Как ни странно, гнев Освальдо вызвал всеобщее восхищение:

– Какая скромность!

– Он равнодушен к успеху!

– Он знает толк в рекламе! Мы обнародуем его слова – они произведут на людей огромное впечатление.

– Да при чем тут скромность, я серьезно говорю! – старался перекричать незваных гостей Освальдо. – Убирайтесь все вон, все до единого!

– Настоящий художник – экзальтированный, нервный! Именно такими народ представляет себе своих любимцев.

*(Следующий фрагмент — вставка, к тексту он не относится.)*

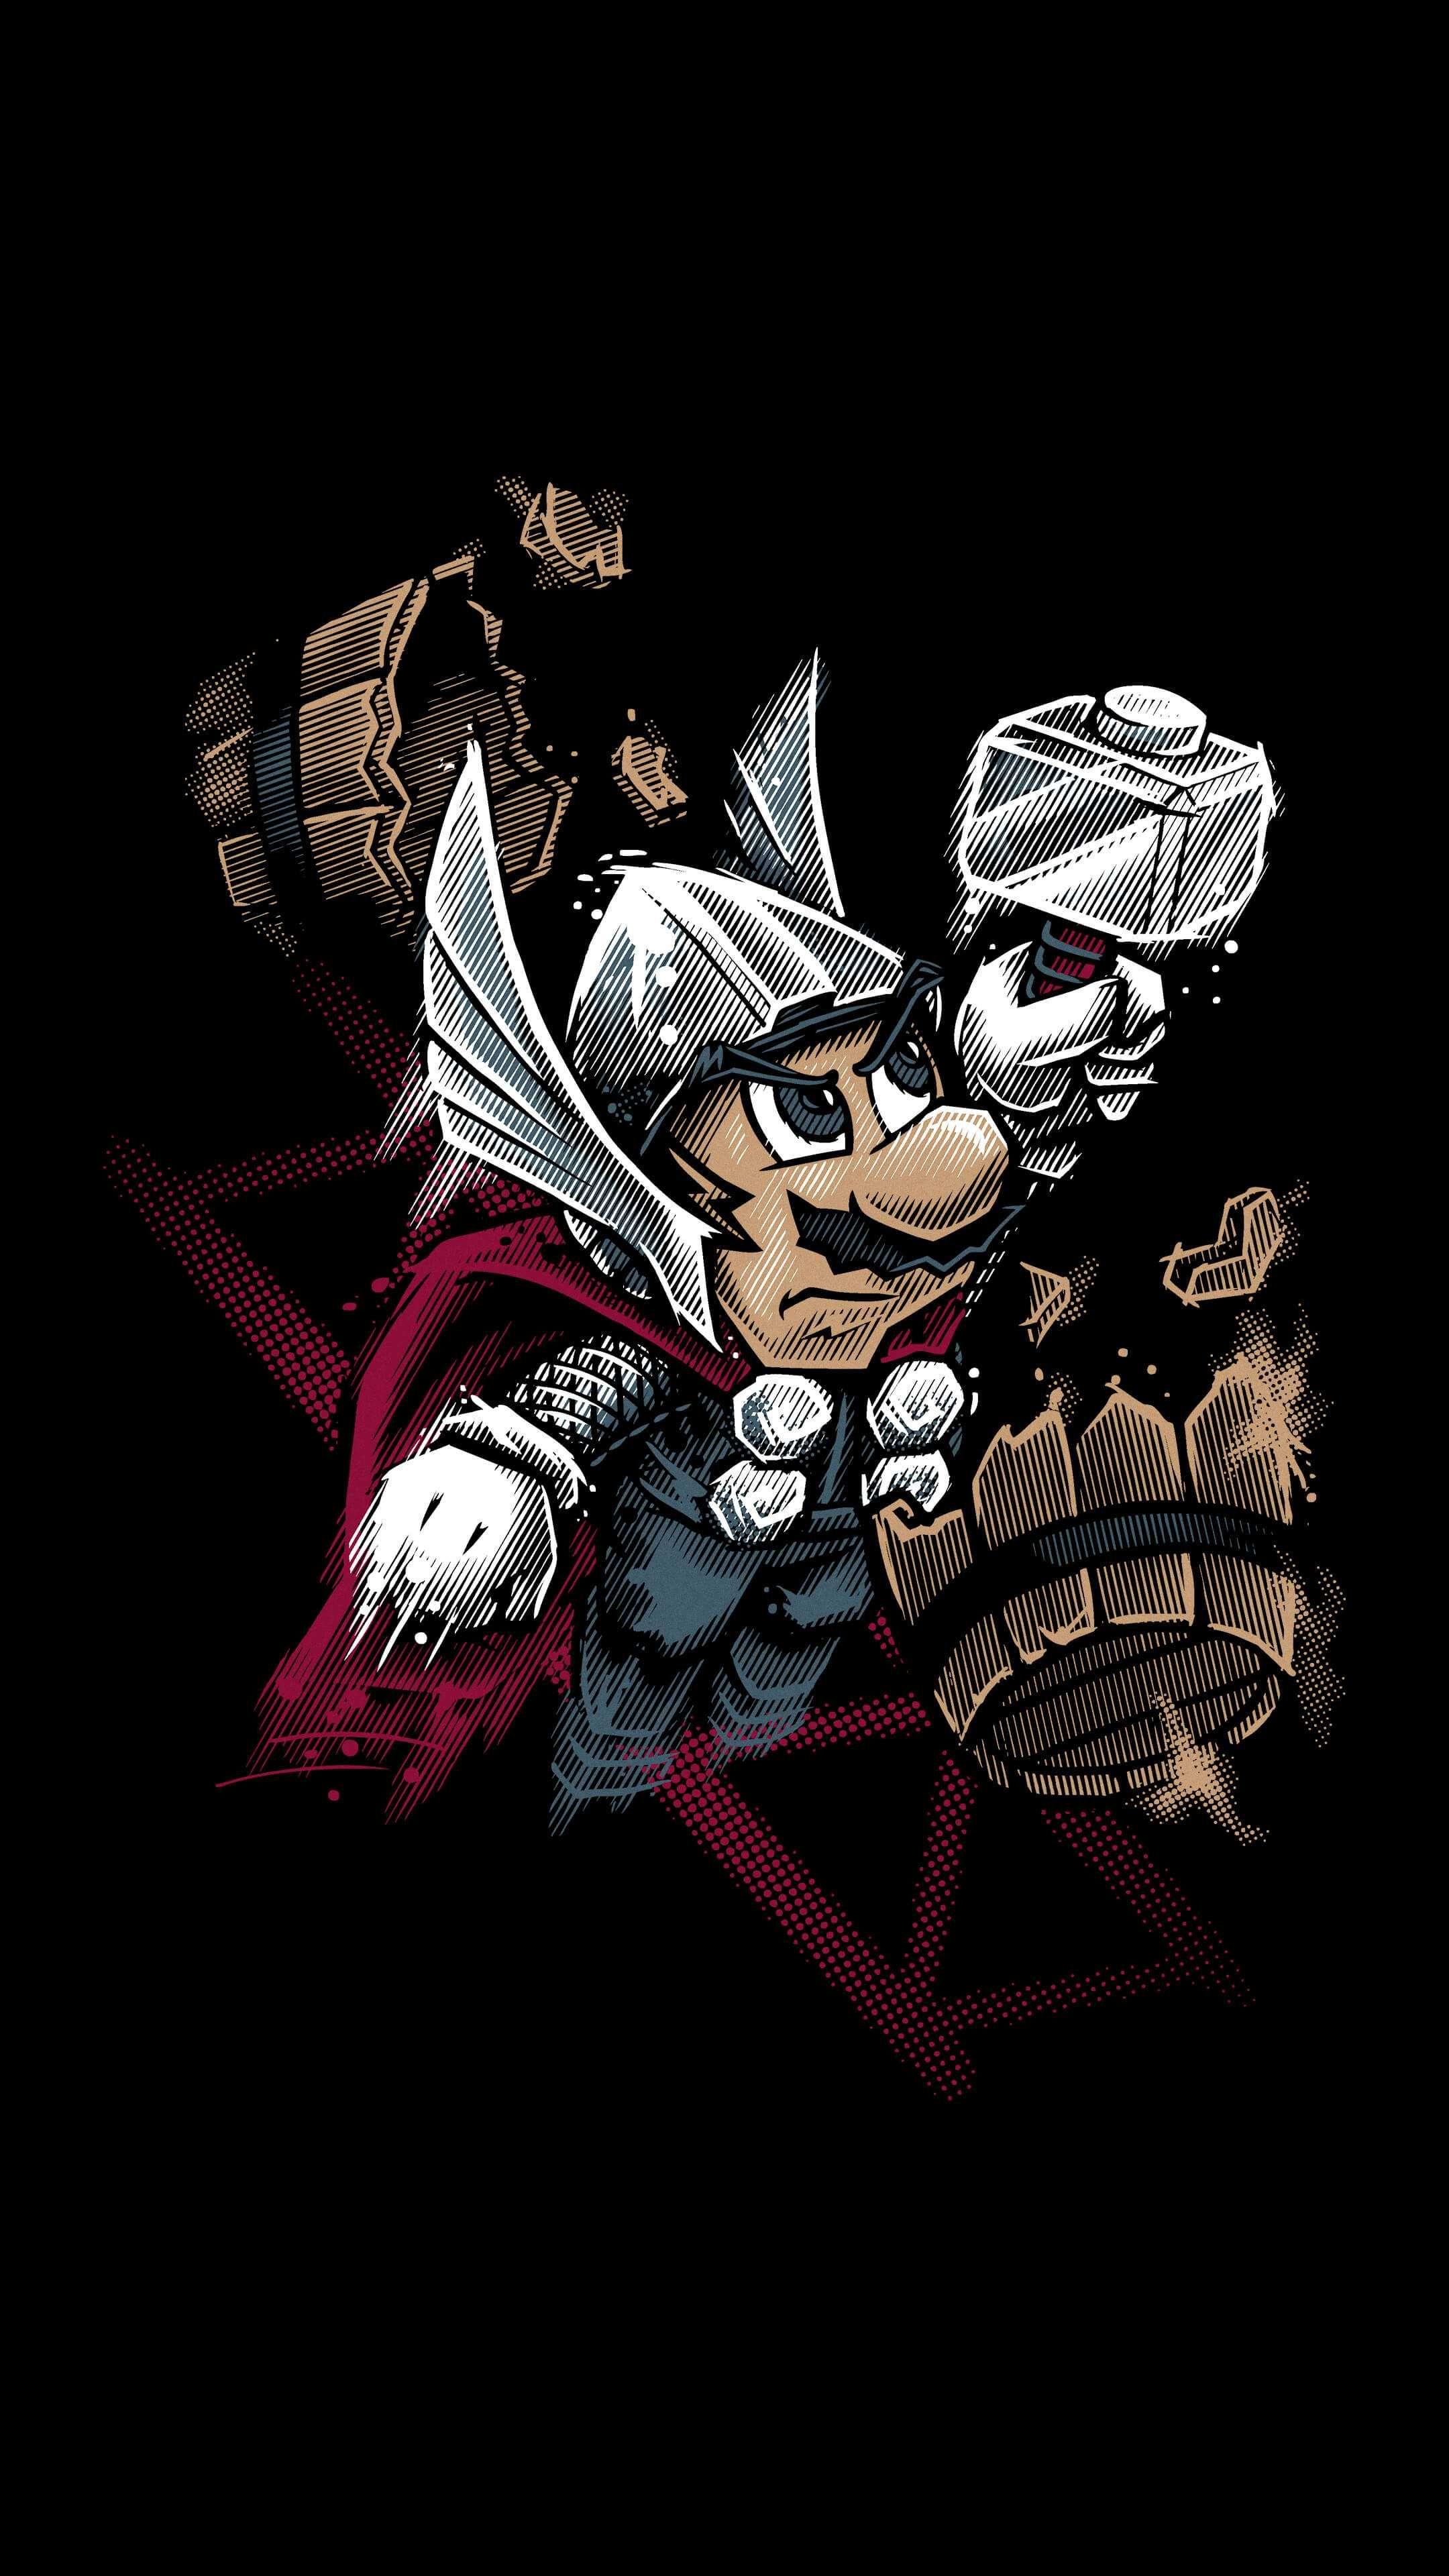 Super Mario Thor Iphone Wallpaper Gaming Wallpapers Thor
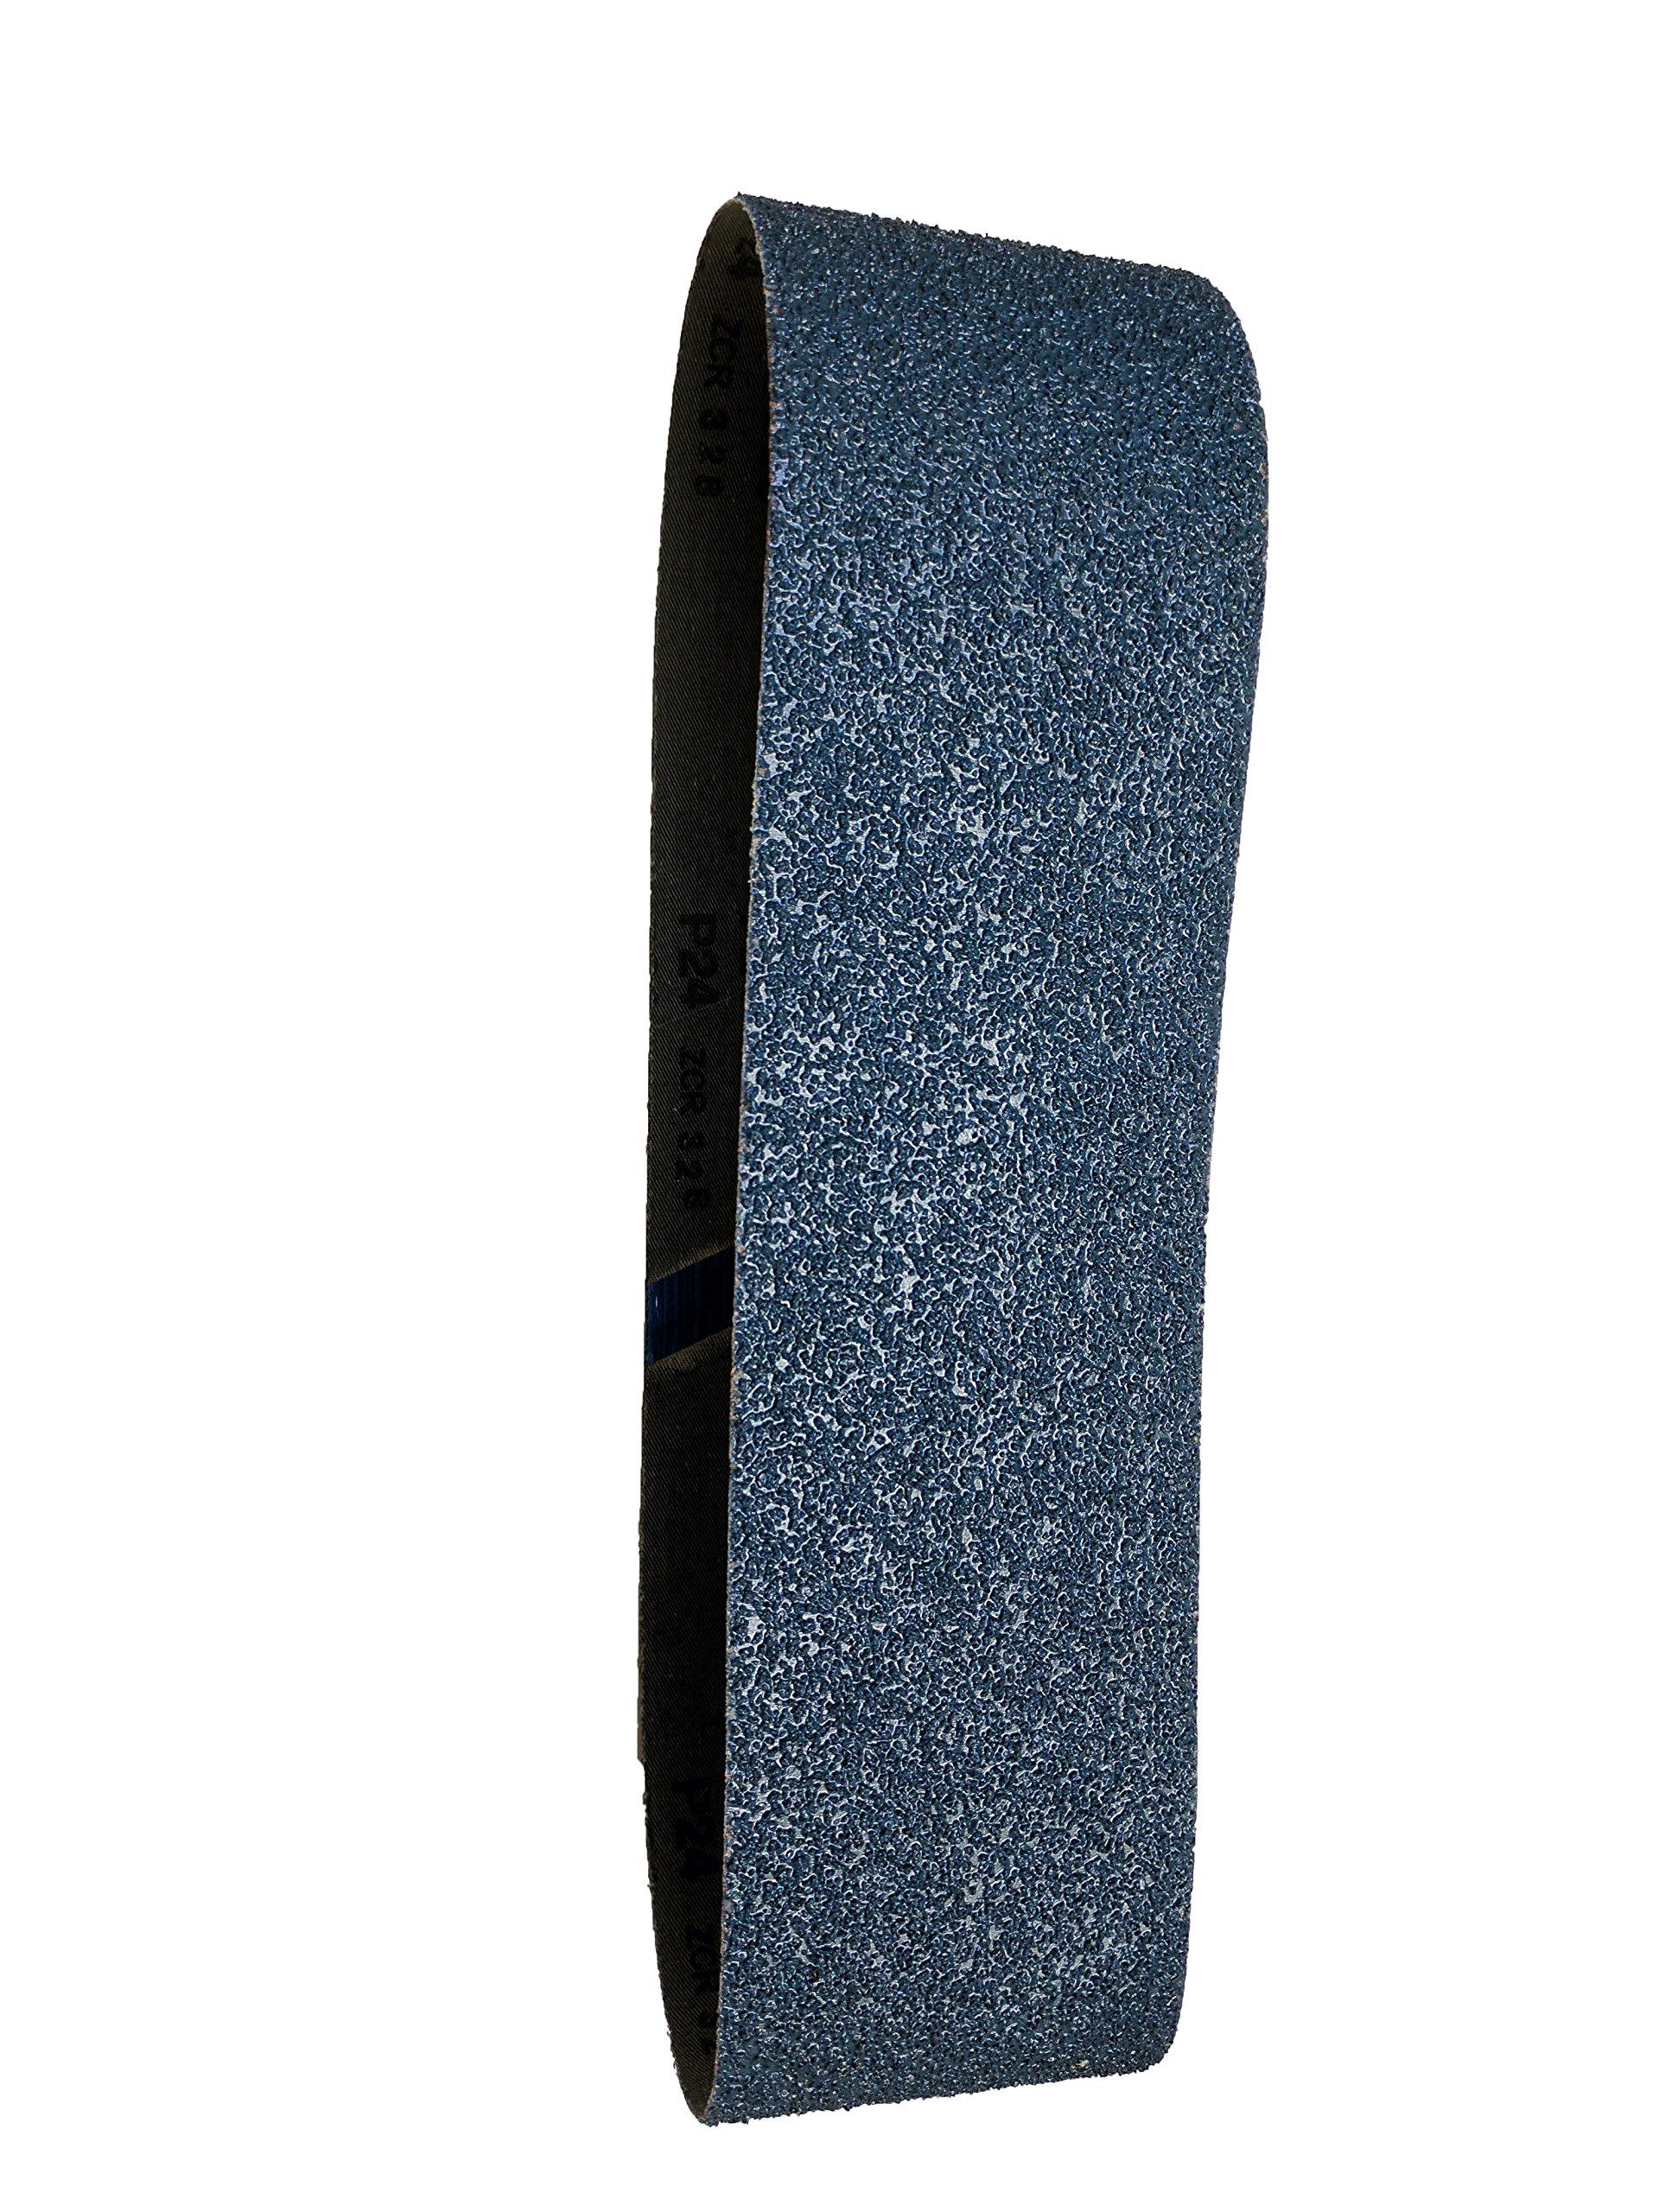 Sungold Abrasives 67851 Blue Zirconia Cloth 40 Grit Sanding Belts (6 Pack), 2 x 42''

К тому времени, когда Освальдо остался наконец один, из ротационных машин уже хлынул поток экстренных выпусков газет:

«Успех запечатлевает поцелуй на челе великого новатора! На горизонте искусства взошла новая сверхзвезда! Триумфальная победа Освальдо в Большом Конкурсе!»

Никогда еще этот город не знал более заразительной моды. Молодежь кулаками прокладывала себе путь в залы, где исполнялась его беззвучная музыка, втридорога покупала у спекулянтов билеты в дансинги, где можно было потанцевать его «недвиже». В кинотеатрах яблоку негде было упасть, за место перед телевизором буквально дрались: пустой экран быстро завоевал сердца кино– и телезрителей. Книги с белыми сплошь страницами были нарасхват, торговцы картинами покупали по астрономическим ценам девственные холсты Освальдо. Все это было модным, а как известно, нет ничего страшнее, чем отстать от моды.

Газеты и журналы писали только об Освальдо и печатали только его портреты (в честь всеобщего любимца кто-то изобрел бело-белую фотографию). Любуясь белыми прямоугольниками в газетах, люди вздыхали:

– Какой красавчик! Какой талант!

Освальдо не знал ни минуты покоя. На улице ему не давали прохода: одни просили автограф, другие норовили оторвать пуговицу для своей коллекции, третьим хотелось дотронуться до него. Дома беднягу осаждали журналисты, продюсеры, издатели в надежде на новые интервью, книги, фильмы, холсты. Не переставая звонил телефон. Почтальон доставлял горы писем от девушек, мечтающих выйти за него замуж.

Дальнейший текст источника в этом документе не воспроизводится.